If they’d seen her, they would be moving already. They hadn’t.

Sam looked around the house. A two-by-four-foot travel poster of a bikini-clad native walking down a white beach said that New Zealand promised paradise. Dear Kevin, you want so much. I should have known how badly you were hurting, even when we were children. Why did you hide it from me? Why didn’t you tell me?

The house’s silence engulfed her. So peaceful, so quiet, asleep while the world crumbled. She crossed to the stairs and took them on her tiptoes. Kevin’s bedroom was to the left. She eased the door open, saw him on the bed, and walked quietly up to him.

He lay sprawled on his belly, arms above his head, as if surrendering to some unknown enemy beyond the mattress. His head rested on its side, facing her, lower cheek bunched, mouth closed. His face didn’t speak of surrender, only sleep. Deep, deep, sweet sleep.

He was dressed in street clothes; his tan Reeboks sat on the floor, nudging the bed skirt.

Sam briefly wondered if Jennifer had stayed with him until he fell asleep. Had she seen him like this? This sweet boy of hers? This stunning man who bore the weight of a hundred worlds on his shoulders? Her champion who’d slain the wicked boy on Baker Street?

What did Jennifer see when she looked at him? She sees the same as you do, Sam. She sees Kevin and she can’t help but to love him as you love him.

Sam reached out, tempted to brush his cheek. No, not as I love him. No one can love him as I love him. I would give my life for this man.She withdrew her hand. A tear broke down her right cheek. Oh, how I love you, dear Kevin. Seeing you these last three days has reminded me how desperately I love you. Please, please tell me that you will slay this dragon. We will, Kevin. Together we will slay this beast, my knight.

The childhood role-playing reference flooded her with warmth. She turned away and walked into his closet. She wasn’t sure what she was looking for. Something that Slater had left. Something that the FBI missed because they wouldn’t have guessed that it belonged to Slater.

Kevin had ordered his clothes neatly. Slacks and shirts hung in a row, jeans and cargo pants folded and stacked, shoes on a rack. Seminary dress to the right, casual dress to the left. She smiled and ran her fingers through the slacks. She smelled the shirts. His scent lingered. Amazing how she recognized it after so many years. He was still a boy. A man, Sam. A man.

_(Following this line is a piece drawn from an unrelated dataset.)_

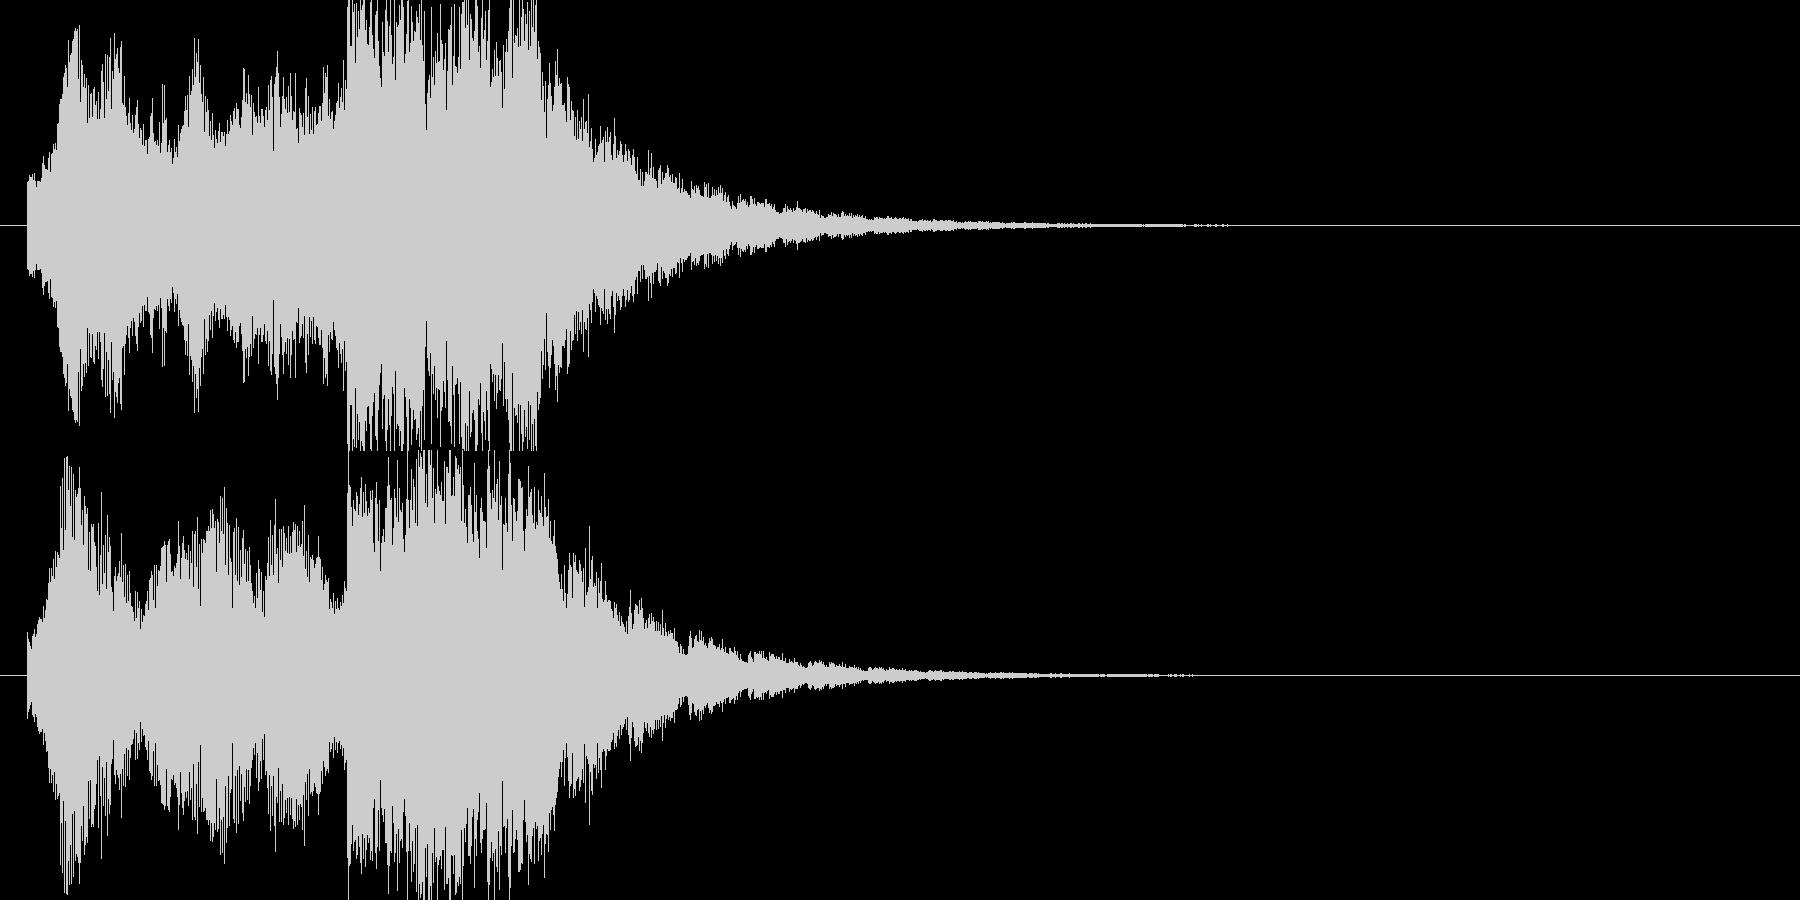 企業向けサウンドロゴ、ジングルの未再生の波形

She searched the closet and then slowly worked her way through the rest of his room, walking around him, careful not to make any sound. Other than the rise and fall of his back, Kevin did not move. Sam found nothing.

The bathroom proved no better, and her spirit lightened. She didn’t want to find anything.

His study. Sam shut the door and sat at his desk. She ran a finger over his books: Introduction to Philosophy. Sociology of Religion. Hermeneutics Revealed. Two dozen others. He was in his first semester at the divinity school but he’d bought enough texts for two years, easily.

On the floor beside the desk she saw a small pile of paper, which she picked up. A paper he’d titled “The True Natures of Man.” He was a true man.

Please, Sam, let’s cut the romantic drivel and do what you came to do.

She was less concerned about noise; there were two doors between her and Kevin. She searched the drawers and removed the books one by one. This is where Slater would leave a clue. This was the room of the mind. He was obsessed with numbers and mind games. The mind. Somewhere, somewhere.